Basada en hechos reales, esta fuga había sido contada por el argentino Claudio Tamburrini en una novela autobiográfica. Sobre ese texto se apoya ahora la película para recrear los padecimientos de varios muchachos retenidos y torturados en un centro clandestino de detención durante la dictadura militar que gobernó la Argentina entre 1976 y 1983. En ese grupo de cautivos hay militantes estudiantiles y también hay guerrilleros, pero la ferocidad del aparato represivo cae igualmente sobre todos ellos con un repertorio de apremios físicos que sólo en una escena son mostrados frontalmente. Esa sobriedad no rebaja el dramatismo del cuadro, porque la violencia también estalla en el trámite verbal entre los alaridos de los carceleros y el lamento de sus víctimas, y además porque las señales del tormento están marcadas durante buena parte del relato en el cuerpo desnudo de los prisioneros. El resultado es una vigorosa estampa del horror que se vivió en la época: el episodio narrado comienza en noviembre de 1977 y se cierra en marzo de 1978, cuando cuatro de los muchachos consiguen escapar de su encierro.
La capacidad más visible del director Israel Adrián Caetano, un uruguayo a cargo de este film argentino, consiste en la veracidad que logra arrancar de su reconstrucción.

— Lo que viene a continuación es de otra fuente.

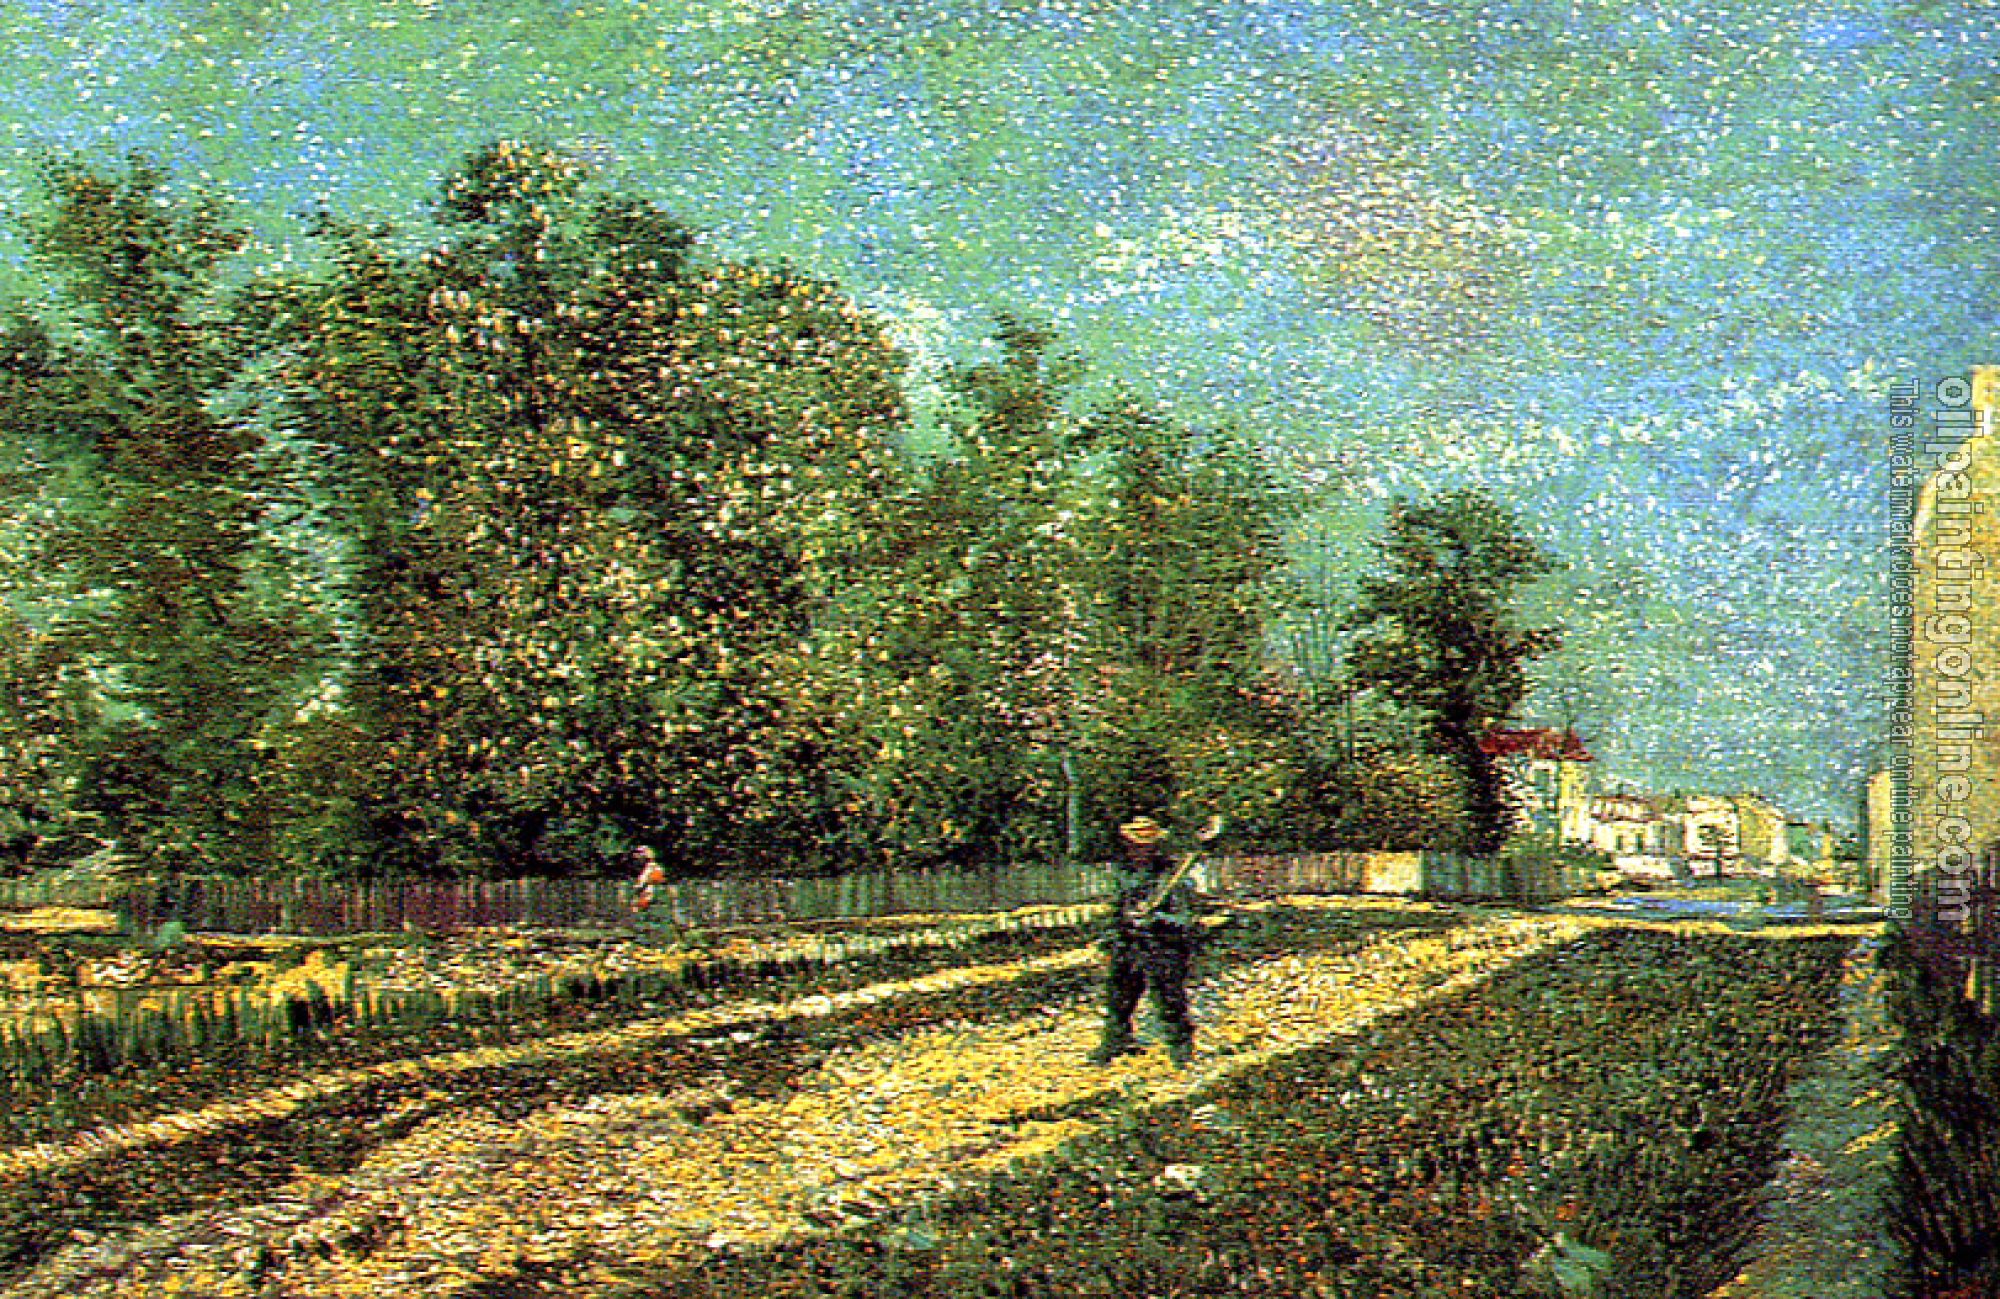 Gogh, Vincent van - A Suburb of Paris with a Man Carrying a Spade
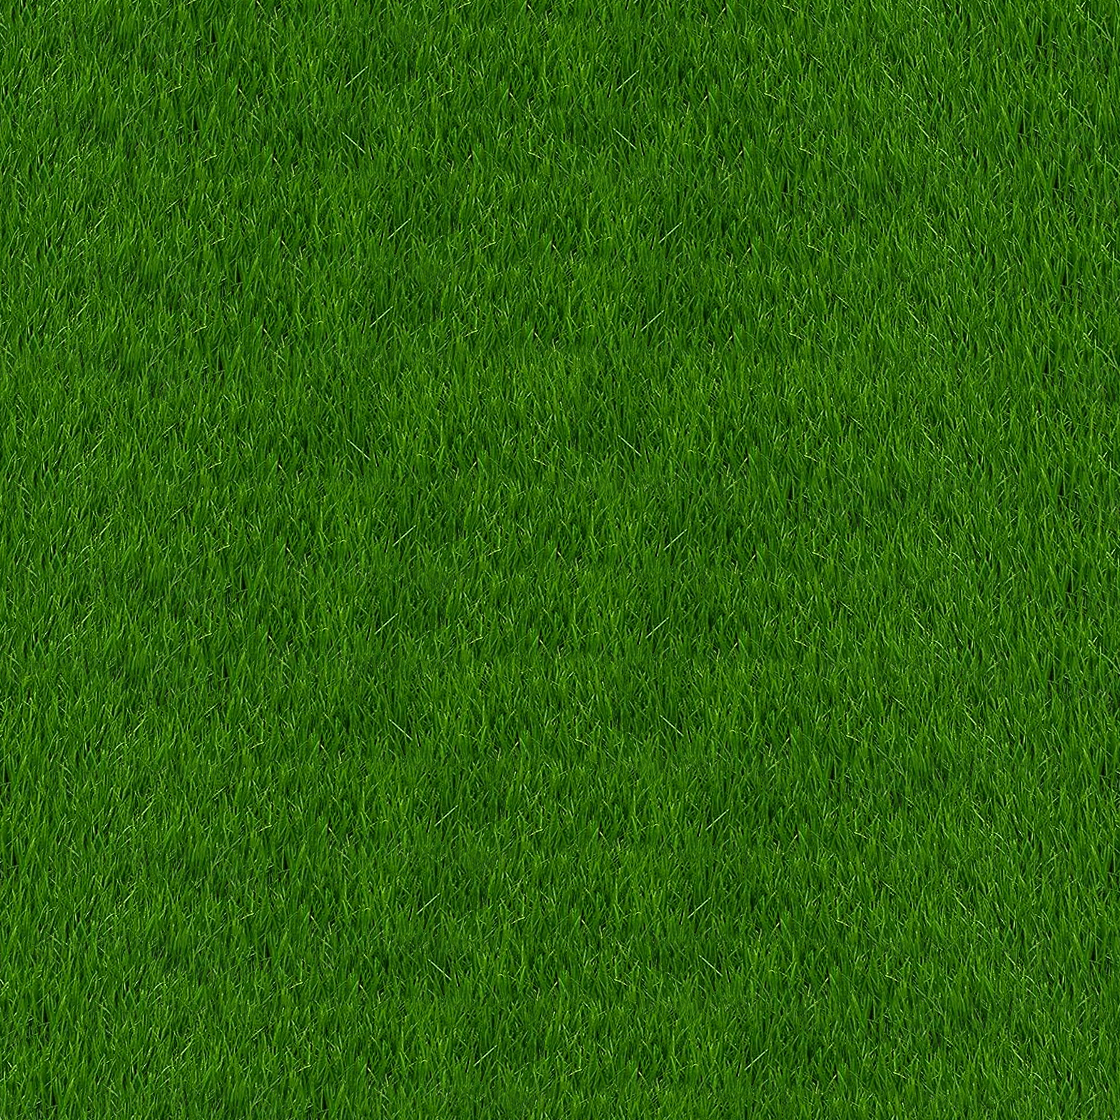 Grass texture free image

En casi todo momento es estremecedor el clima con que Caetano envuelve esa batalla entre la intimidación y el miedo, no sólo porque visualmente hay un esmero en el escenario penumbroso y deshumanizado del lugar (una vieja quinta abandonada de la localidad de Morón), sino porque todo el elenco aporta además su propia convicción, que alcanza niveles intensos en el protagonista Rodrigo de la Serna y en el carcelero que compone Pablo Echarri. De esa calidad sólo debe descontarse la incapacidad de la actriz que retrata al comienzo a una madre espantada y más adelante unos pocos artificios en el diálogo. Pero todo el resto consigue conmover a su espectador y eso debe reconocerse doblemente, en primer lugar porque demuestra el empeño con que enfrentaron el desafío Caetano y su equipo, y en segundo lugar porque estos hechos forman parte de un necesario testimonio sobre épocas que a nivel regional no siempre se han evocado (en teatro ni en cine) con este control, esta fidelidad y esta energía expresiva. La calidad se mantiene cuando el cuarteto prepara y lleva a cabo su fuga de la oscura Mansión Seré, porque la película sabe eludir el sesgo aventuresco del caso, que pudo trivializar toda la propuesta, aplicando al operativo un nervio y una tensión que reflejan el constante temor de los personajes y el de la gente con la que se cruzan. Asombrosamente, esa huida tuvo éxito y las leyendas finales dan cuenta del destino que tendrían esos cuatro prófugos que hilaron habilidosamente su liberación. Uno pasaría a vivir en Francia, otro lograría escapar hacia Barcelona y otro se radicaría en Suecia, que es quien más tarde dejó constancia escrita del episodio.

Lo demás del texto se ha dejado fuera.